予め言語情報についてのラベル付けがされた朗読音声データからなる朗読音声データベースと、
自然発話音声データからなる自然発話音声データベースと、
非言語情報が予め付与されたテキスト情報を受け、前記朗読音声データベースから前記テキスト情報に付与された非言語情報と合致する言語情報が付与された音声データを抽出する事により、前記テキスト情報に対応する音声信号を合成するための音声合成手段と、
前記自然発話音声データベースから前記音声信号の各部分について、前記各部分との間に定義される距離の小さいものから順番に自然発話音声データを複数個選択するための候補選択手段と、
前記音声信号の各部分について、前記自然発話音声データベースから、前記候補選択手段により選択された複数個の自然発話データの各々について予め定められた韻律的特徴を算出し、前記テキスト情報に付与されている前記非言語情報と合致するものを選択するためのフィルタ手段と、
前記フィルタ手段により選択された自然発話データに基づいて音声信号を合成するための手段とを含む、音声合成装置。A reading-speech database including reading-speech data pre-labeled for linguistic information,
A naturally uttered speech database consisting of naturally uttered speech data,
By receiving text information to which non-language information is added in advance and extracting voice data to which linguistic information matching the non-language information added to the text information is added from the reading voice database, it is possible to correspond to the text information. Voice synthesis means for synthesizing a voice signal to be transmitted;
Candidate selection means for selecting a plurality of spontaneously uttered speech data in order from the smallest distance defined with respect to each part of the speech signal from the spontaneously uttered speech database,
For each part of the voice signal, a predetermined prosodic feature is calculated for each of the plurality of natural voice data selected by the candidate selecting unit from the natural voice voice database, and the calculated prosodic feature is added to the text information. Filter means for selecting one that matches the non-verbal information that is present,
Means for synthesizing an audio signal based on the natural utterance data selected by the filter means.

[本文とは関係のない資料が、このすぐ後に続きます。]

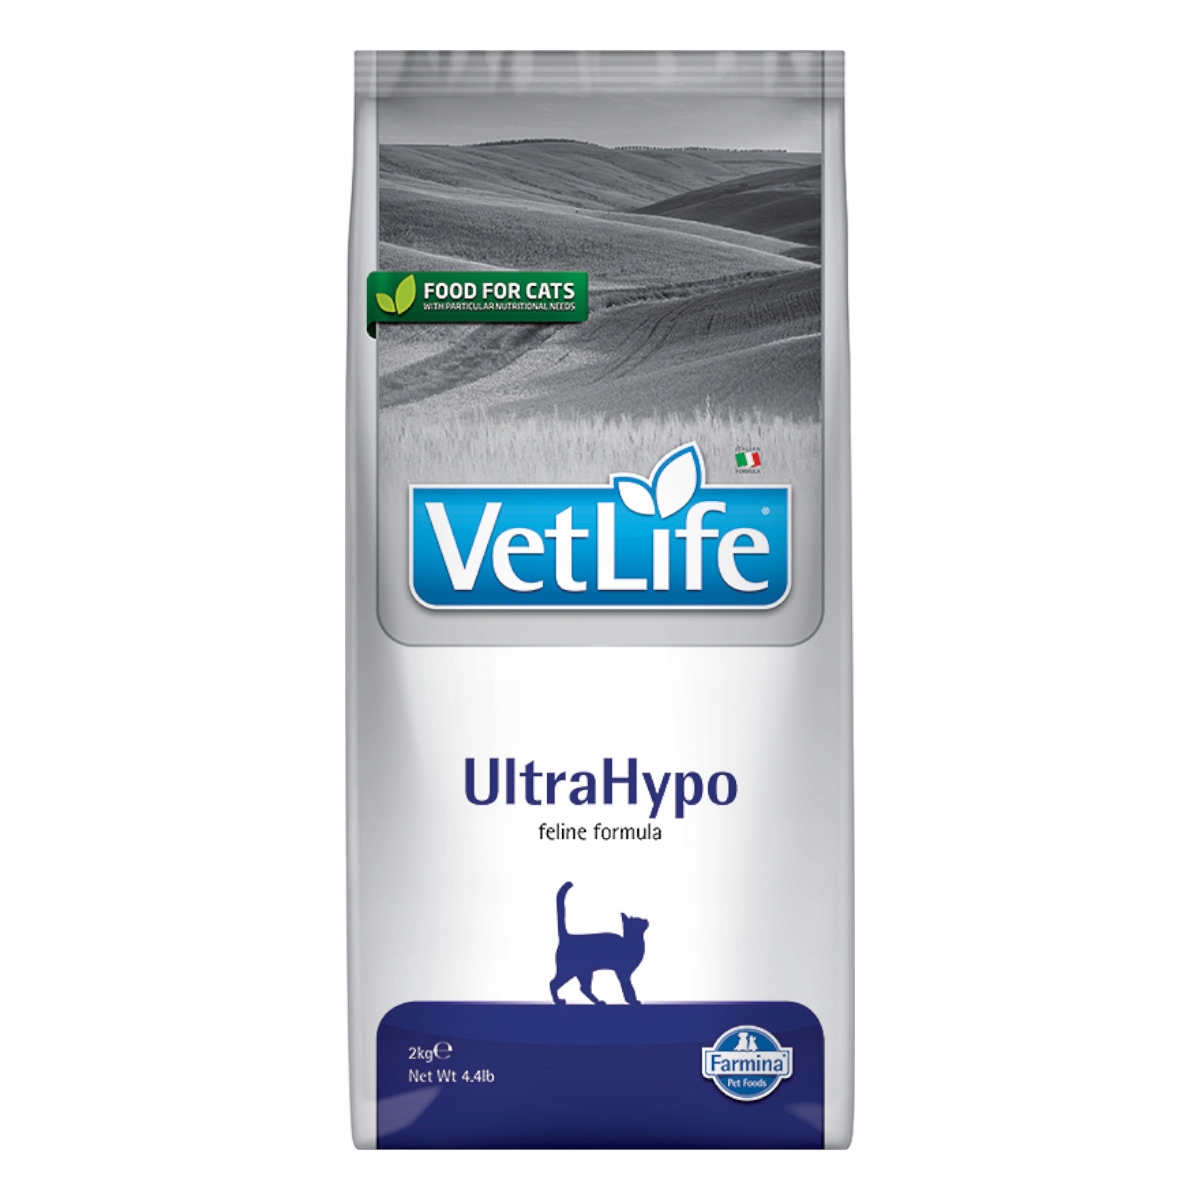 Vet life ultrahypo для собак. Фармина ультрагипо для собак. Farmina vet Life ULTRAHYPO. Ветлайф корм для собак. Фармина obesity для собак.

前記テキスト情報に予め付与されている非言語情報は、前記予め定められた韻律的特徴を示す特徴ベクトルであり、
前記フィルタ手段は、前記候補選択手段により選択された複数個の自然発話データの各々について前記予め定められた韻律的特徴を示す特徴ベクトルを算出し、前記テキスト情報に予め付与されている特徴ベクトルとの間の類似度が最も高いものを選択するための手段を含む、請求項１に記載の音声合成装置。The non-verbal information that is given to the text information in advance is a feature vector indicating the predetermined prosodic feature,
The filter means calculates a feature vector indicating the predetermined prosodic feature for each of the plurality of natural utterance data selected by the candidate selection means, and a feature vector previously assigned to the text information. The voice synthesizing apparatus according to claim 1, further comprising means for selecting the one having the highest similarity between.

前記予め定められた韻律的特徴は、正規化振幅指数、音声信号のパワー、音声信号の持続時間、及び基本周波数のうち少なくとも一つを含む、請求項２に記載の音声合成装置。The speech synthesis device according to claim 2, wherein the predetermined prosodic feature includes at least one of a normalized amplitude index, power of a speech signal, duration of a speech signal, and a fundamental frequency.

前記候補選択手段は、前記音声信号の各部分について、前記自然発話音声データベースから、前記各部分との間でＤＰ（ＤｙｎａｍｉｃＰｒｏｇｒａｍｍｉｎｇ）マッチングにより算出されるＤＰ距離が予め定められたしきい値より小さなものを選択するための手段を含む、請求項１〜請求項３のいずれかに記載の音声合成装置。The candidate selection means is configured such that, for each part of the audio signal, a DP distance calculated by DP (Dynamic Programming) matching with the respective parts from the spontaneous speech database is smaller than a predetermined threshold value. The speech synthesizer according to any one of claims 1 to 3, further comprising means for selecting one.

前記候補選択手段は、前記音声信号の各部分について、前記自然発話音声データベースから、前記各部分との間でＤＰ（ＤｙｎａｍｉｃＰｒｏｇｒａｍｍｉｎｇ）マッチングにより算出されるＤＰ距離の小さなものから順番に予め定められた複数個だけ選択するための手段を含む、請求項１〜請求項３のいずれかに記載の音声合成装置。The candidate selecting means is preset for each part of the audio signal in ascending order of a DP distance calculated by DP (Dynamic Programming) matching with the respective parts from the spontaneous speech database. 4. The speech synthesizer according to claim 1, further comprising means for selecting a plurality.

コンピュータにより実行されると、当該コンピュータを請求項１〜請求項５のいずれかに記載の音声合成装置として動作させる、コンピュータプログラム。A computer program which, when executed by a computer, causes the computer to operate as the speech synthesizer according to claim 1.